Improving the Quality and Management of Your Point of Care Testing Environment

45  minutes

|2019-06-14

The point-of-care coordinator for all of Queensland, Australia, Cameron Martin of Queensland Health will present his findings and overview of the integration of one of the world's largest POCT networks using POC informatics. Cameron explains how he created a single, centralized, open, and vendor-neutral POC informatics environment that is scalable and cost-effective, while also conforming with ISO guidelines. Learn about the role of training and managing operators “by exception.”

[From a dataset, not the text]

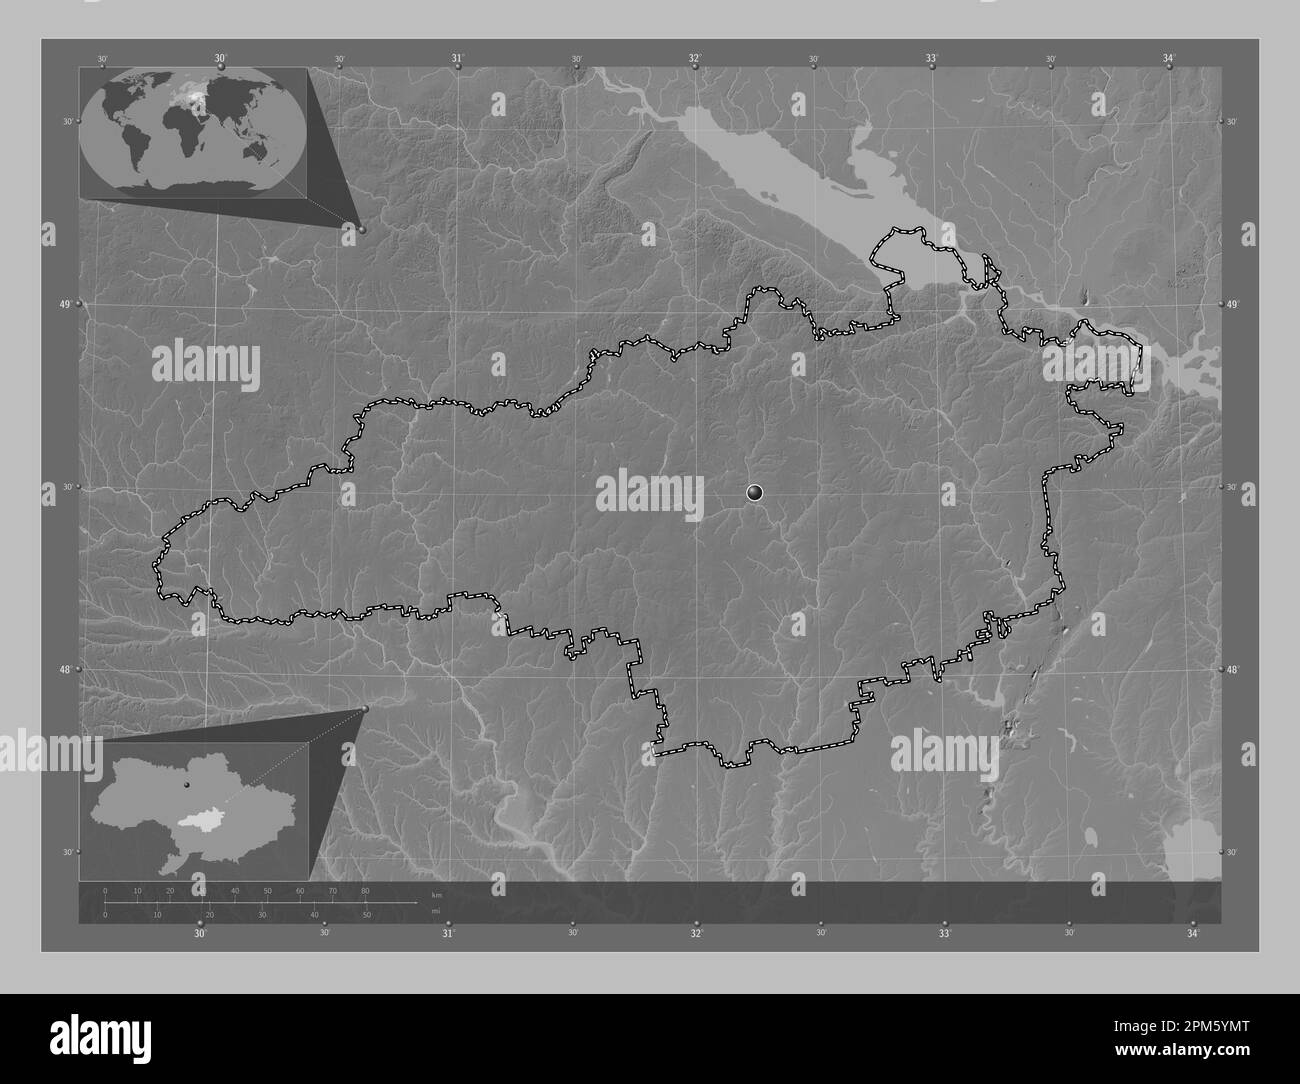 Kirovohrad, region of Ukraine. Grayscale elevation map with lakes and rivers. Corner auxiliary location maps Stock Photo

  • Discover how, with innovation, it is possible to establish a functional, high-quality POC testing system.
  • Learn how disruptive changes can now extend pathology into new areas and new ways to improve your KPIs.
  • Understand how online training can help you better manage and train operators remotely, enabling you to manage operators’ access, precisely track training, and know which operators are current, and thereby allowing you to train by exception vs. blindly targeting everyone.

  • Nurses, physicians, and physicians’ assistants who cover point-of-care testing in their practices
  • Point-of-care coordinators and managers
  • Laboratory directors and personnel

Cameron Martin

Cameron Martin is the State-Wide Point of Care Coordinator for Pathology Queensland. He holds a BAppSc degree in medical technology and an MAppSc degree in medical laboratory science (haematology) from Queensland University of Technology and an MTM degree from Griffith University. He previously worked in haematology and immunology with the Mater Public Hospitals in Brisbane. He became interested in point-of-care testing in the early 2000s while, as a laboratory manager, trying to improve the after-hours pathology service at Caboolture Hospital. He became the State-Wide Point of Care Coordinator for Pathology Queensland in 2004.

Cameron is a past member of the AACB National Working Party on Point of Care Testing and the AACB Chest Pain Subgroup Working Party and is currently advisor for point-of-care testing to the Clinical Laboratory Standards Institute (CLSI) in the USA and the National Pathology Accreditation Advisory Council (NPAAC) in Australia. He is also a course advisor and regular guest lecturer at Queensland University of Technology. Cameron has spoken at state, national, and international conferences on point-of-care testing and published cited papers and texts related to POCT and Haematology.